Lo sport, infatti, non dovrebbe essere più confinato al ruolo di passatempo per pochi. Esso è capace di ispirare, abbattere barriere sociali e politiche, e unire le persone attraverso valori universali. Consapevole di questa forza, Tajani ha creato un ufficio di diplomazia dello sport all’interno della Farnesina, sostenendo l’idea che “lo sport abbatte i confini e stende ponti… Io ho nominato alcuni atleti ambasciatori dello sport per l’Italia: Sinner, Spalletti, Bortuzzo, Cocciaretto e le ragazze della spada. Il loro scopo è portare l’immagine dell’Italia nel mondo, facciamo la settimana dello sport nelle ambasciate e portiamo i nostri sportivi nel mondo che migliorano la visibilità del Paese e delle sue aziende. Lo sport è uno straordinario volano per la diplomazia e non solo“.
Promuovere i valori attraverso i campioni. Il ruolo della scuola
Gli atleti di successo, come Sinner, fungono da modelli per le nuove generazioni, trasmettendo valori positivi e ispirando i giovani a raggiungere i propri obiettivi: “è un ragazzo semplice e umile. Io ho alta considerazione anche della persona oltre che, ovviamente del campione che è eccezionale. Quando è venuto al Ministero è stato gentilissimo con tutti, educato e disponibile. Un campione autentico lo vedi anche da questi particolari. Mai un gesto o un atteggiamento arrogante. E questo è importantissimo, perché i giovani si ispirano ai campioni e se i campioni sono come Sinner, intere generazioni vengono ispirate dai suoi valori“.
Il ministro ha evidenziato anche l’importanza del ruolo della scuola nel promuovere lo sport e sostenere i giovani atleti. Secondo le sue dichiarazioni: “se vogliamo avere più atleti di questo livello (si riferisce agli atleti del tennis, n.d.r.) dobbiamo migliorare lo sport nella scuola, dando più importanza all’educazione motoria da una parte e dall’altra non trattando come dei fannulloni gli studenti che praticano sport agonistico. I professori devono capire e aiutare questi ragazzi che, comunque, fanno sacrifici e devono rispettare una disciplina molto dura. La pratica sportiva poi aiuta a recuperare zone degradate delle città e migliora la salute generale del Paese. Chi fa sport sta meglio e pesa di meno sulla sanità“.

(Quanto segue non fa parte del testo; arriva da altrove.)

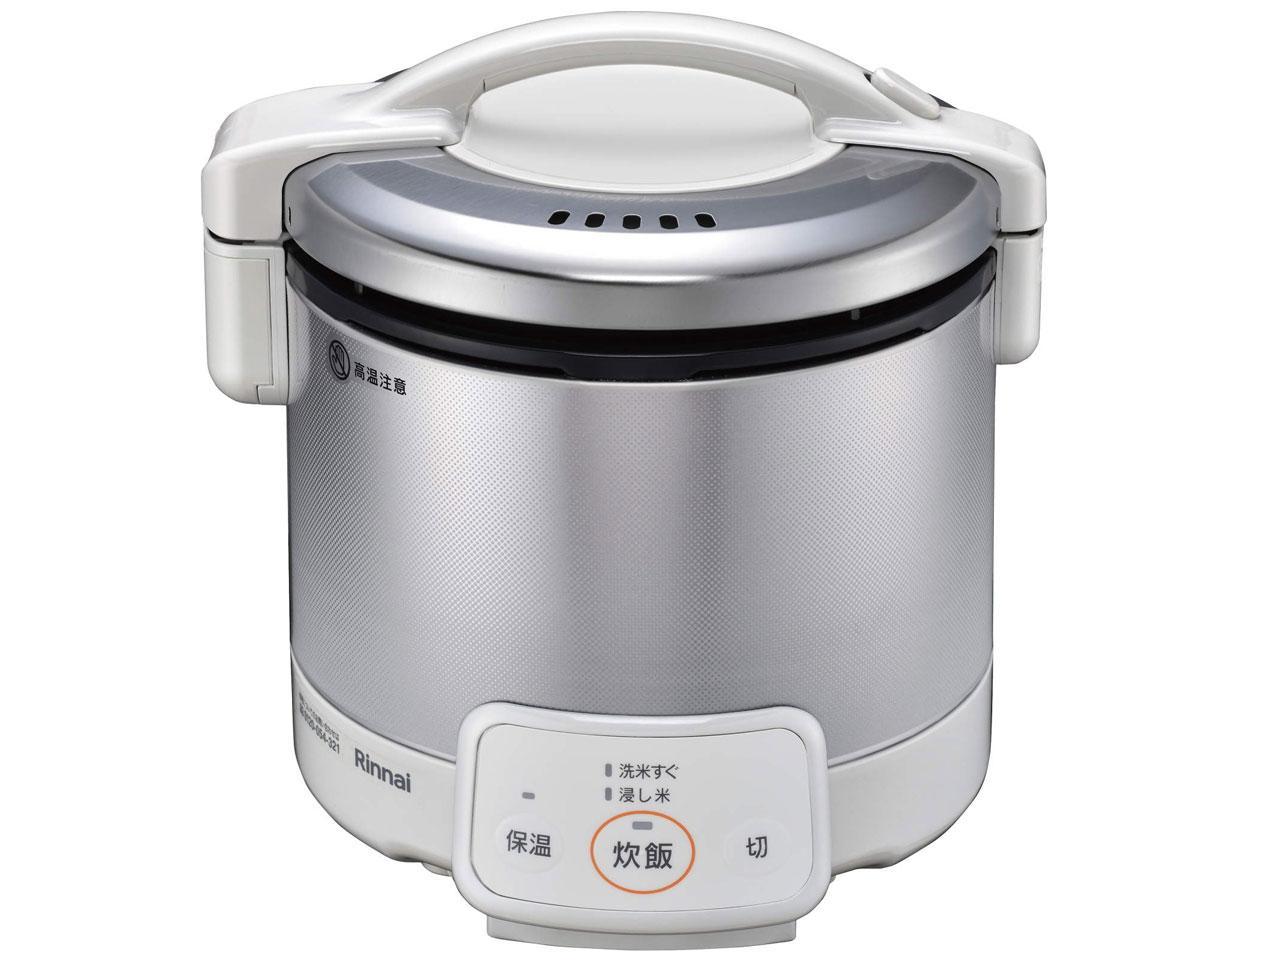 RR-030VQ(W) 13A RR-030VQ(W) 13A ガス炊飯器【smtb-s】, コレクション新宿:3b0f8b87 --- officewill.xsrv.jp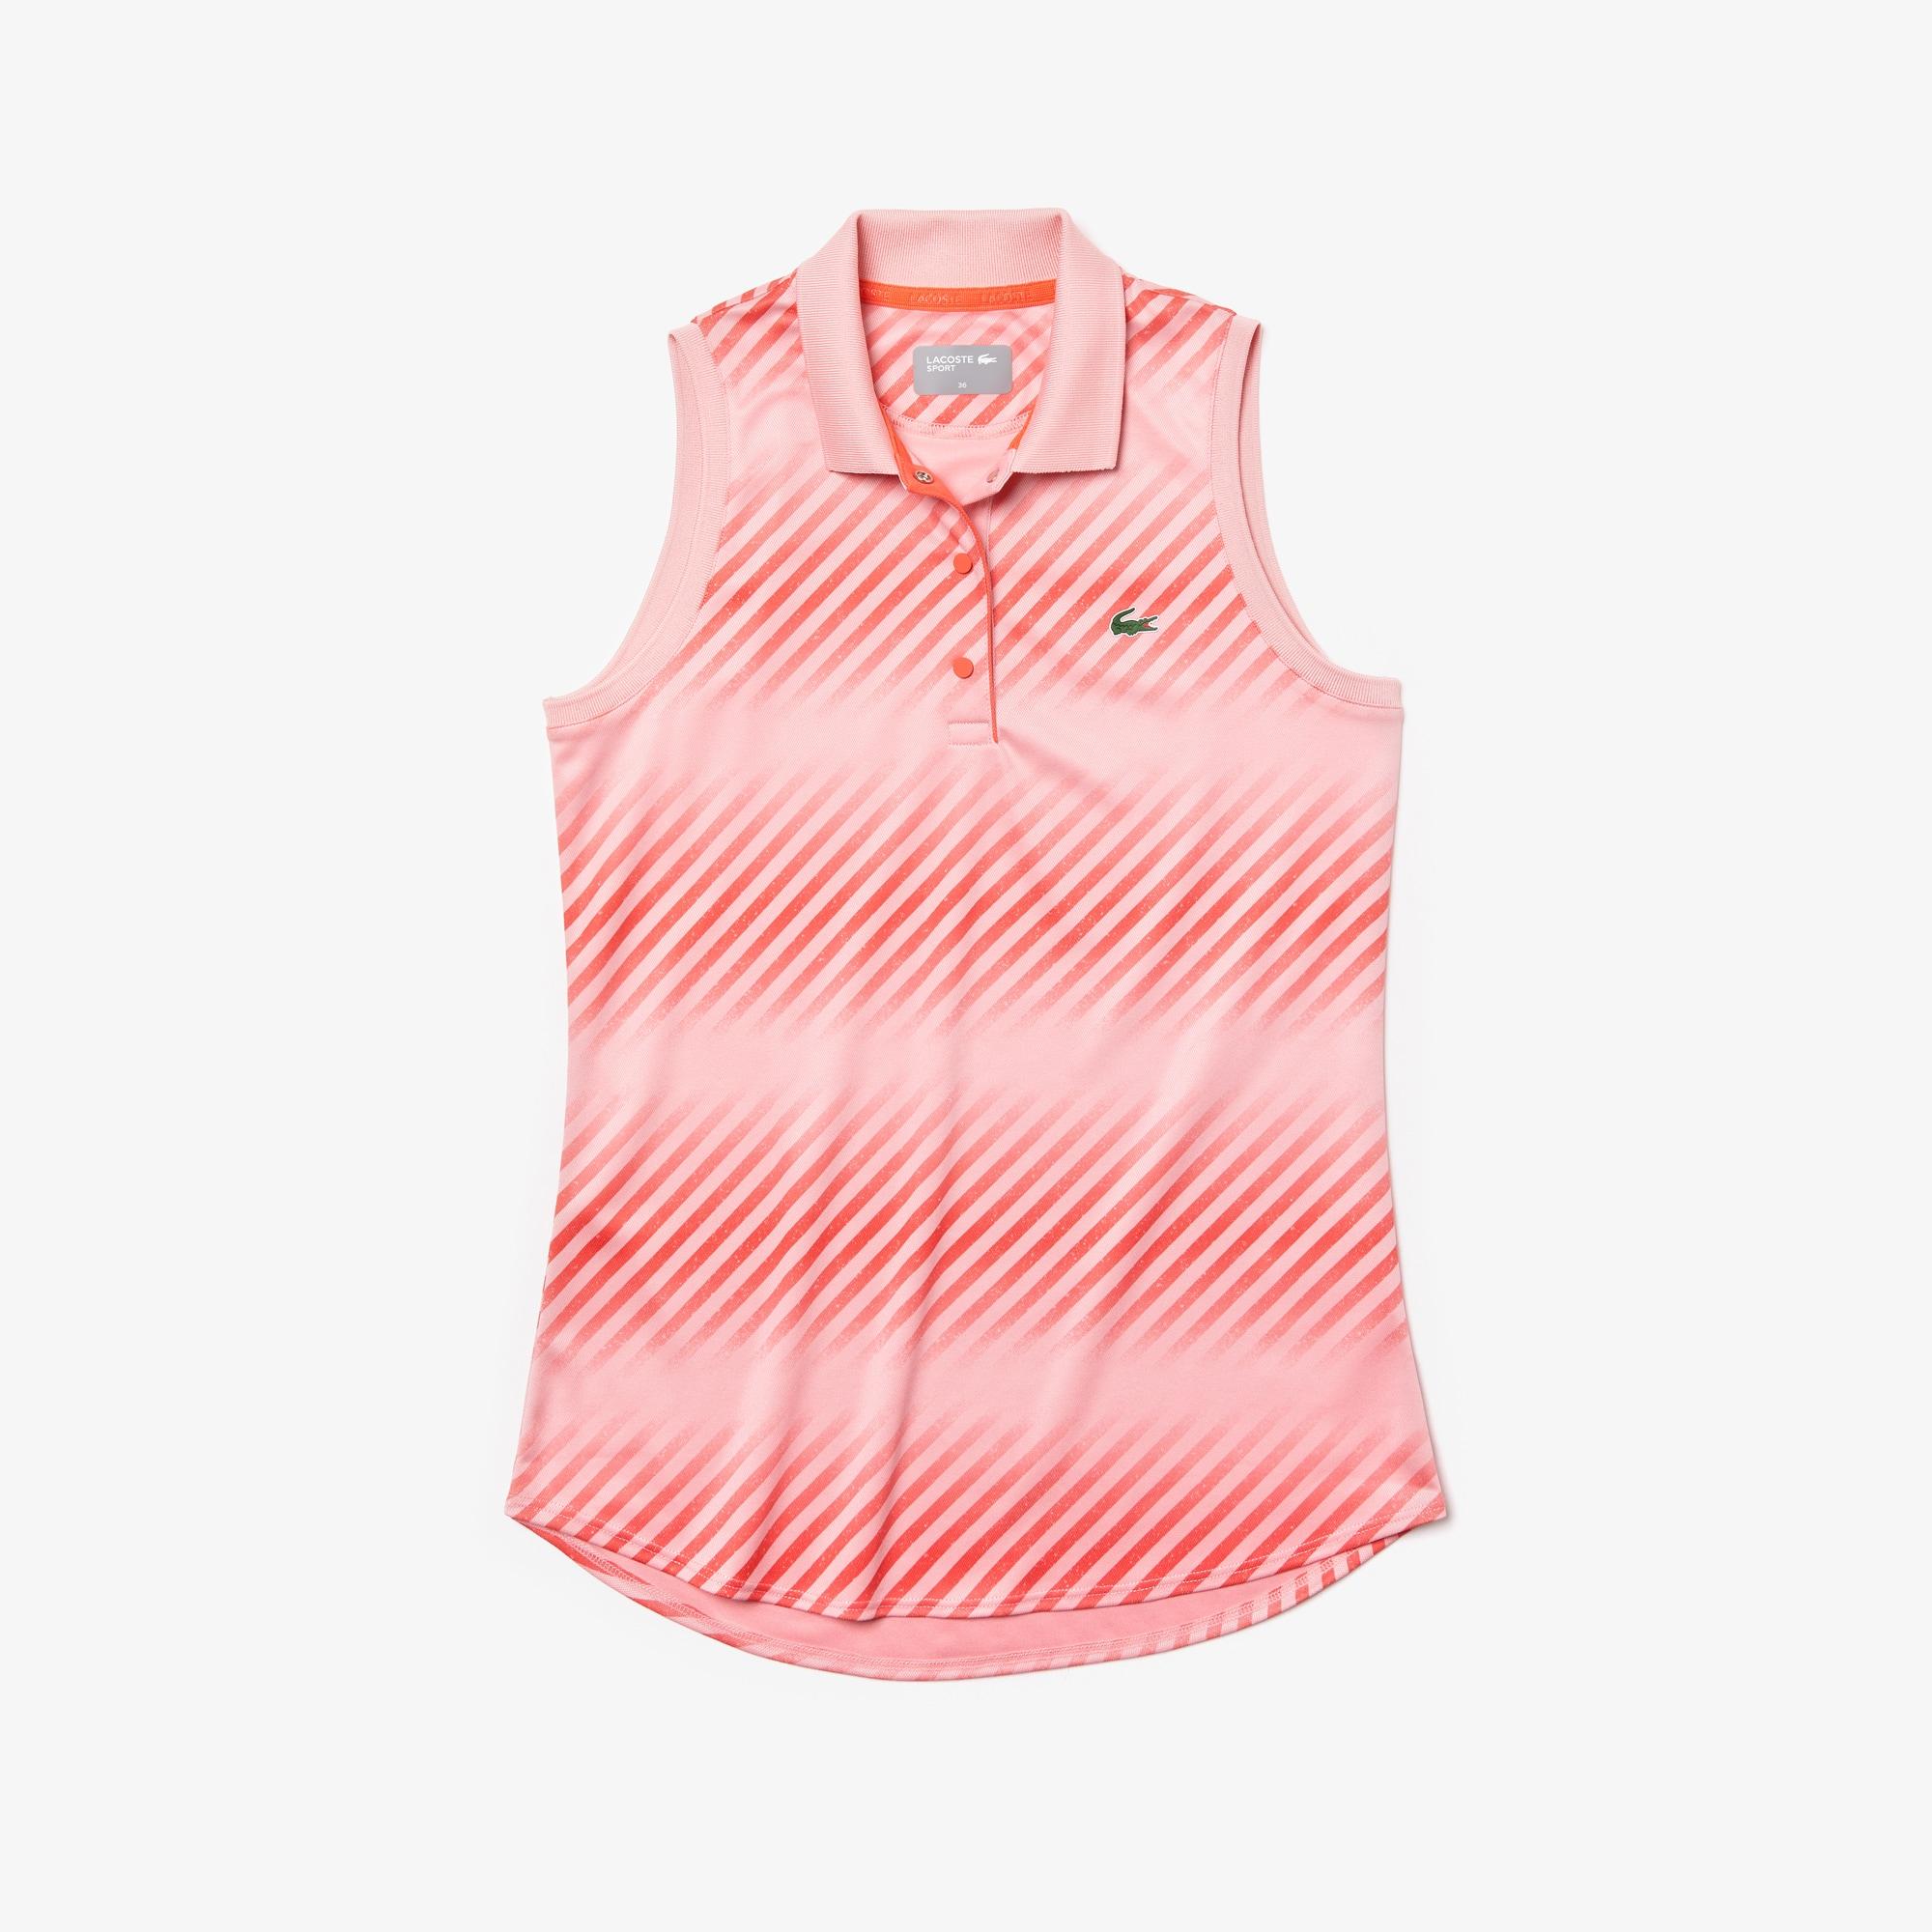 라코스테 우먼 스포츠 테니스 민소매 테니스 셔츠 Lacoste Womens SPORT Breathable Pique Tennis Polo,Pink / Red / Red

Miglioramento della salute, economia e sviluppo: i dati di Sport e Salute
Lo sport è un volano economico. Genera ricavi attraverso eventi, la costruzione di infrastrutture, la produzione di attrezzature e turismo: “i grandi eventi portano lustro al Paese e generano indotto, oltre a ispirare nuove generazioni alla pratica sportiva. Lo sport è un business: aiuta l’economia. Dalla costruzione degli impianti all’abbigliamento, passando per l’attrezzistica e il turismo. Lo sport è un volano importante sia quando è spettacolo che quando è pratica. E un nodo importante dell’economia di una Nazione, soprattutto di una Nazione come la nostra“. Di conseguenza, lo sport è un settore chiave per il rilancio economico e il posizionamento internazionale di un Paese. La costruzione di nuove infrastrutture sportive, insieme a politiche che promuovano l’accessibilità economica e la diffusione di una cultura sportiva, potrebbe avere un impatto positivo significativo sull’aumento della pratica sportiva in Italia.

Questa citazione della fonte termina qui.